A SYN flood - это форма атаки отказа в обслуживании, в которой злоумышленник быстро инициирует соединение с сервером, не завершая соединение. Сервер должен тратить ресурсы на ожидание полуоткрытых соединений, которые могут потреблять достаточно ресурсов, чтобы система перестала отвечать на законный трафик.

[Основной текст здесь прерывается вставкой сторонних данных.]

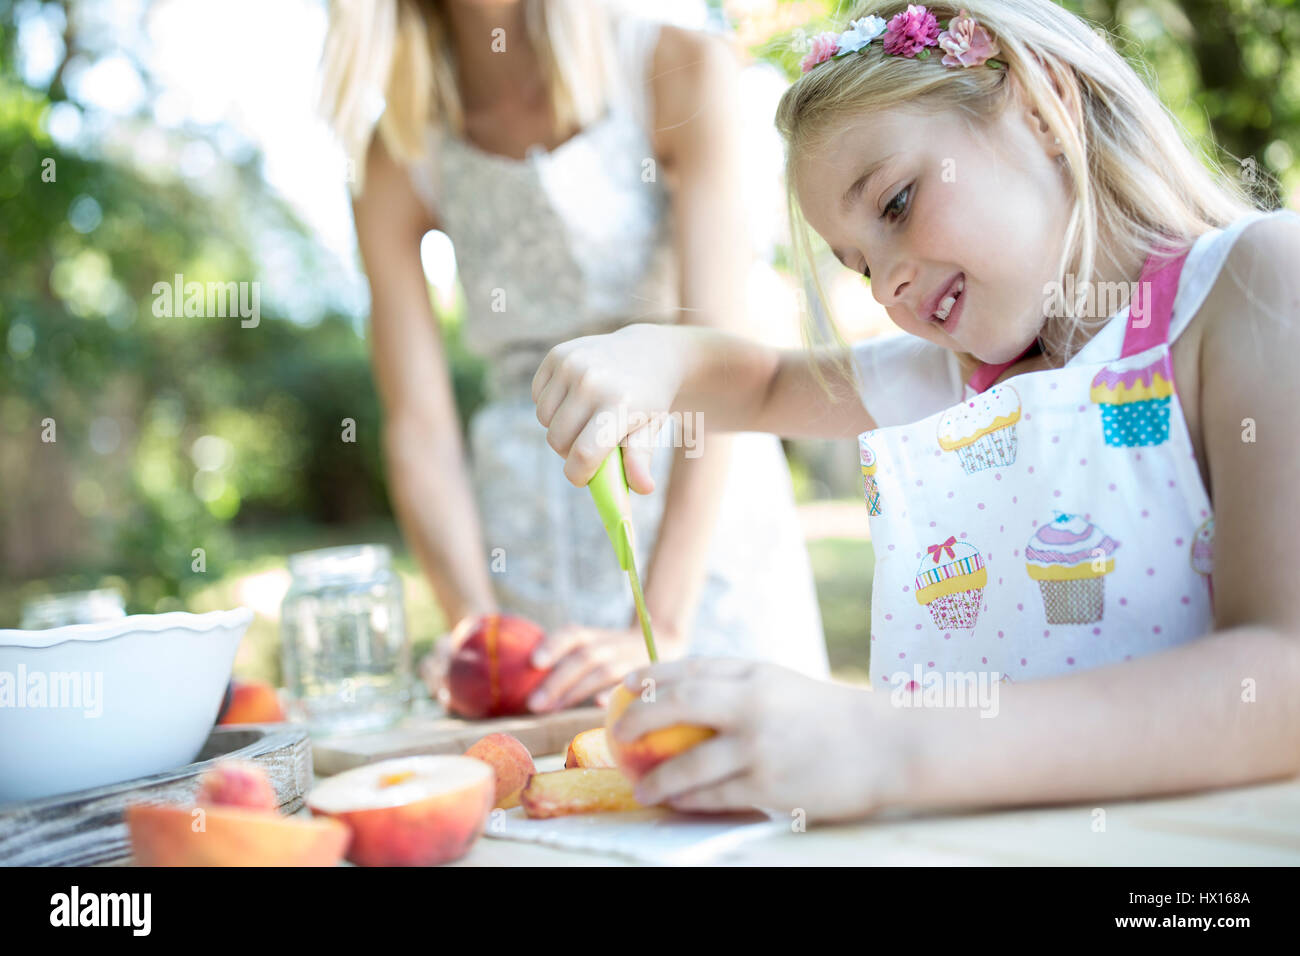 Girl preserving peaches at garden table Stock Photo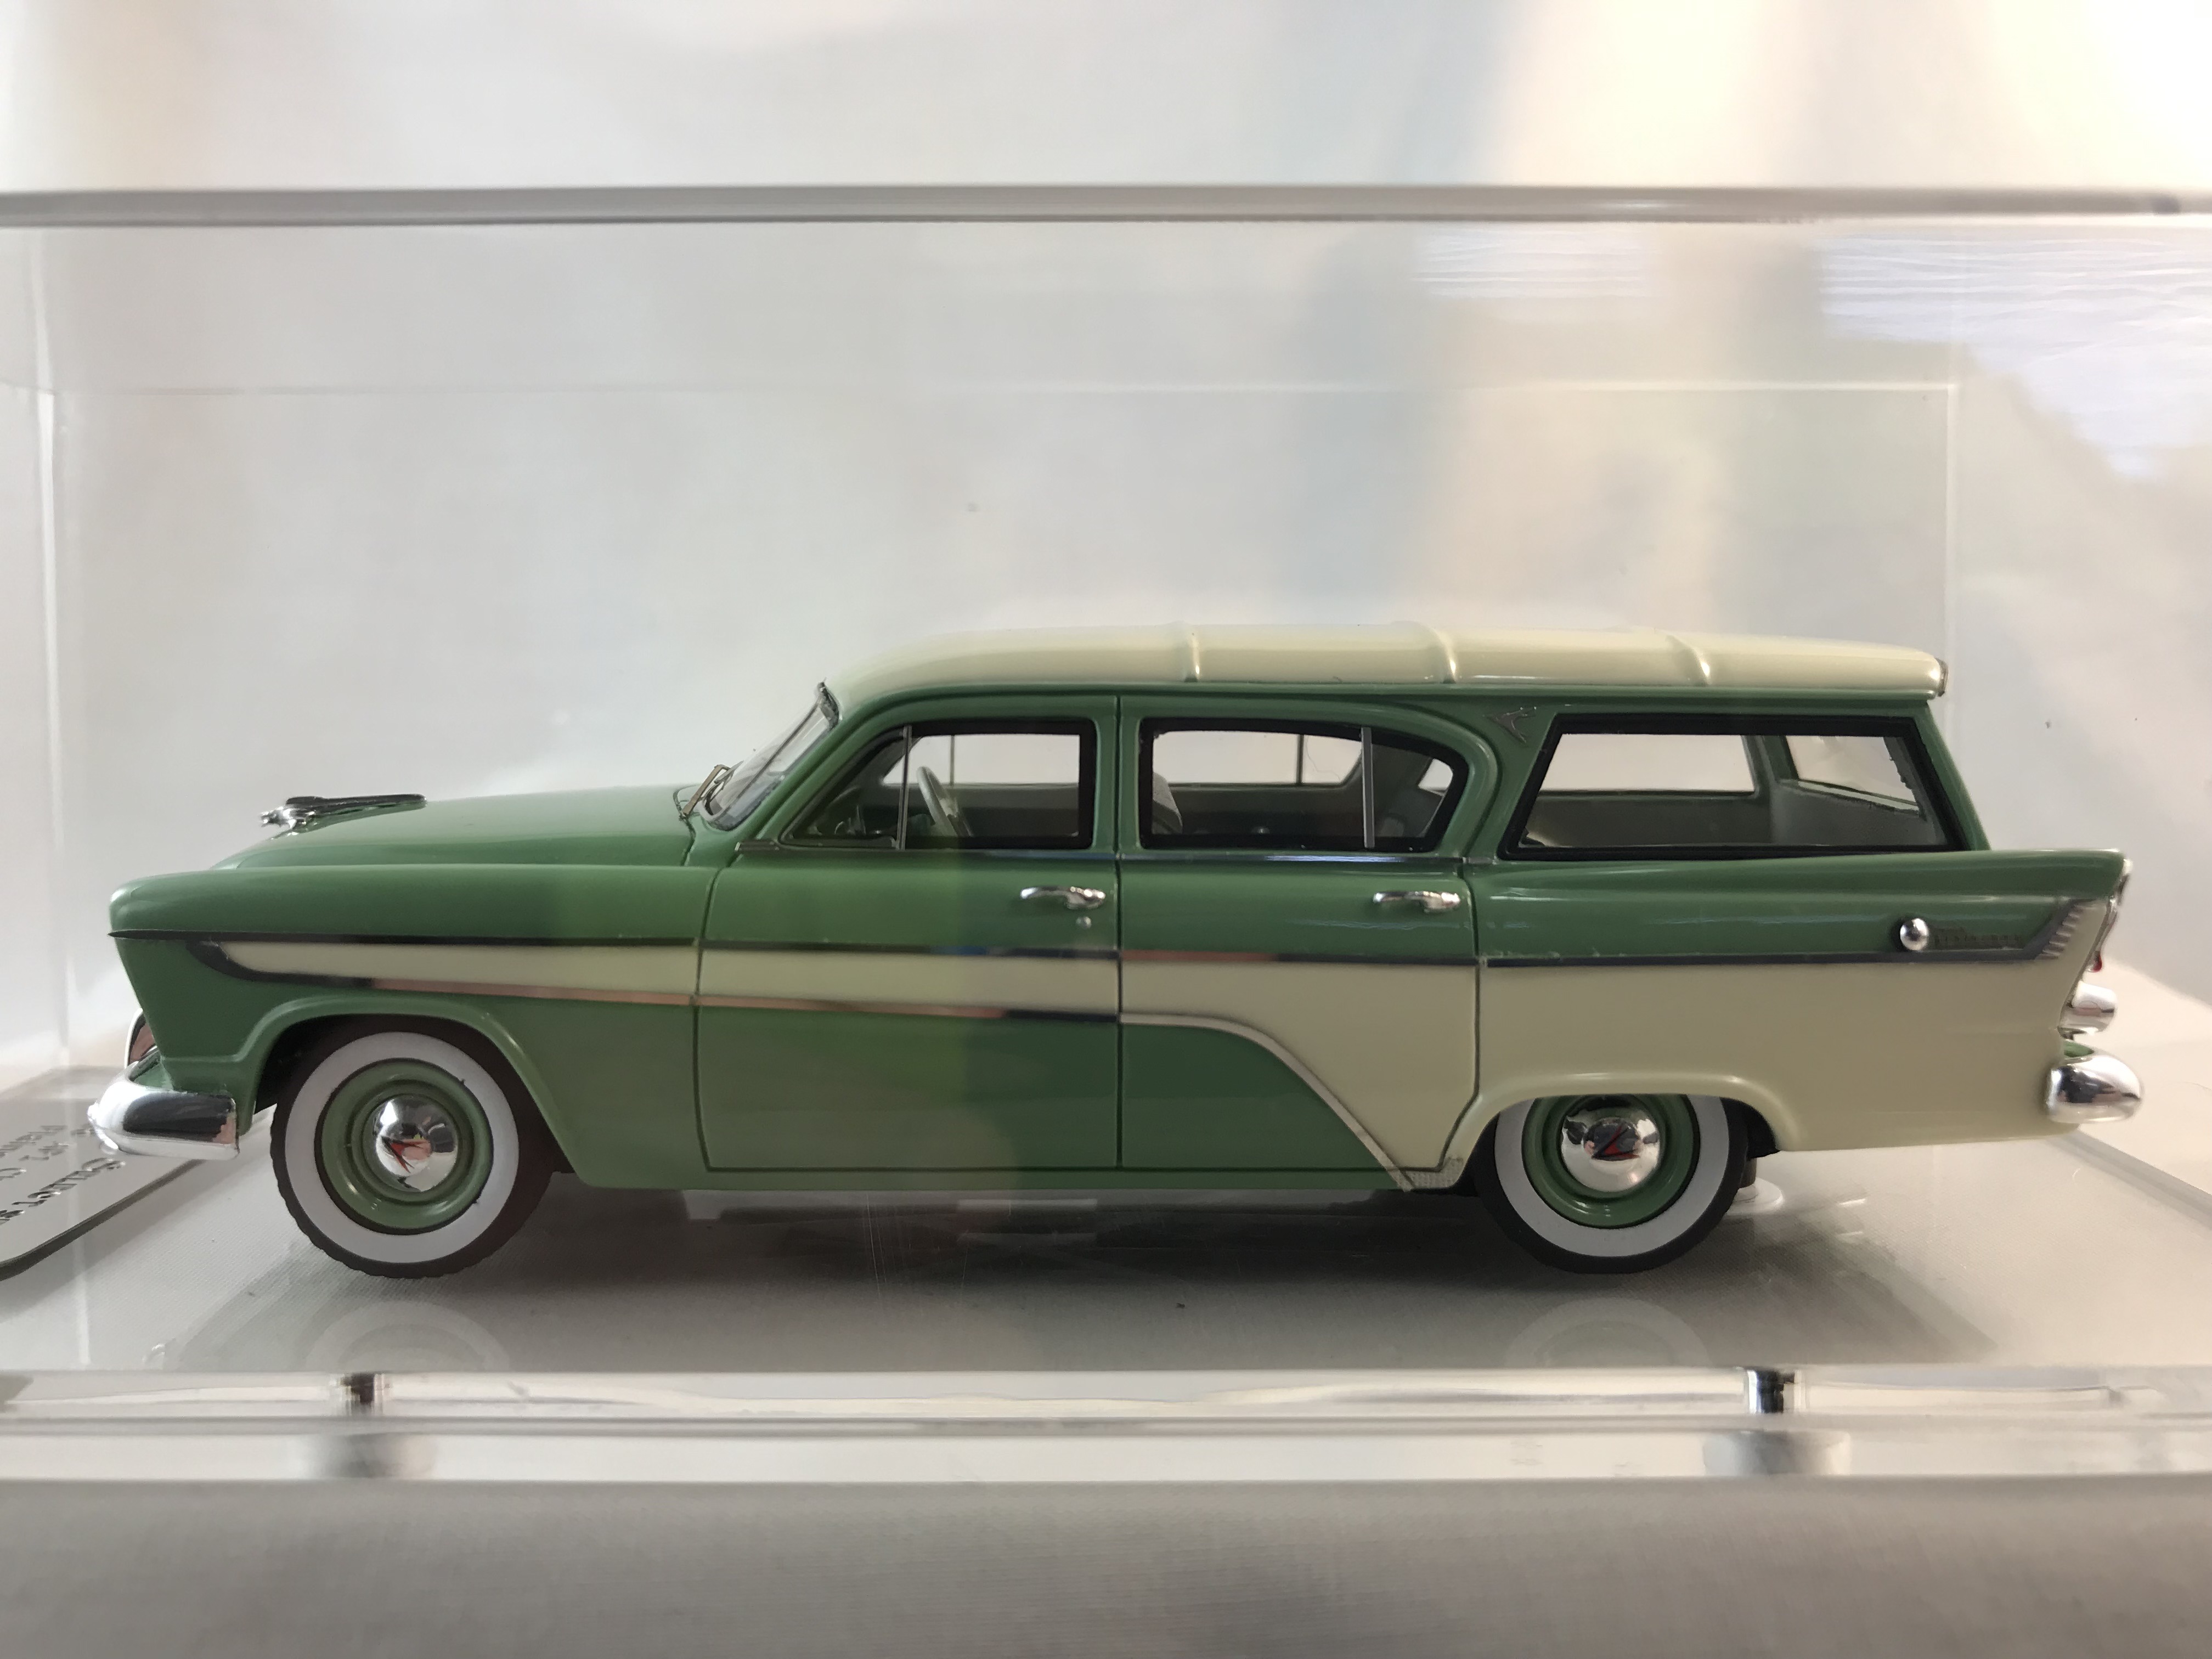 1958 AP1 Chrysler Royal Plainsman Station Wagon Green / White

пакет, который отправляет злоумышленник, является SYN пакет, часть TCP трехстороннего рукопожатия, используемого для установления соединения.

Содержание
  • 1 Технические детали
  • 2 Контрмеры
  • 3 См. Также
  • 4 Ссылки
  • 5 Внешние ссылки
Технические детали

Когда клиент пытается запустить соединение TCP с сервер клиент и сервер обмениваются серией сообщений, которая обычно выполняется следующим образом:

  1. Клиент запрашивает соединение, отправляя SYN(синхронизировать) сообщение на сервер.
  2. Сервер подтверждает этот запрос, отправляя SYN-ACKобратно клиенту.
  3. Клиент отвечает ACK, и соединение установлено.

Это называется трехстороннее рукопожатие TCP и является основой для каждого установления соединения. хранится с использованием протокола TCP.

Атака SYN-флуда работает, не отвечая серверу ожидаемым кодом ACK. Злоумышленник может либо просто не отправлять ожидаемый ACK, либо подделать исходный IP-адрес в SYN, что приведет к тому, что сервер для отправки SYN-ACKна поддельный IP-адрес, который не будет отправлять ACK, потому что он «знает», что никогда не отправлял SYN.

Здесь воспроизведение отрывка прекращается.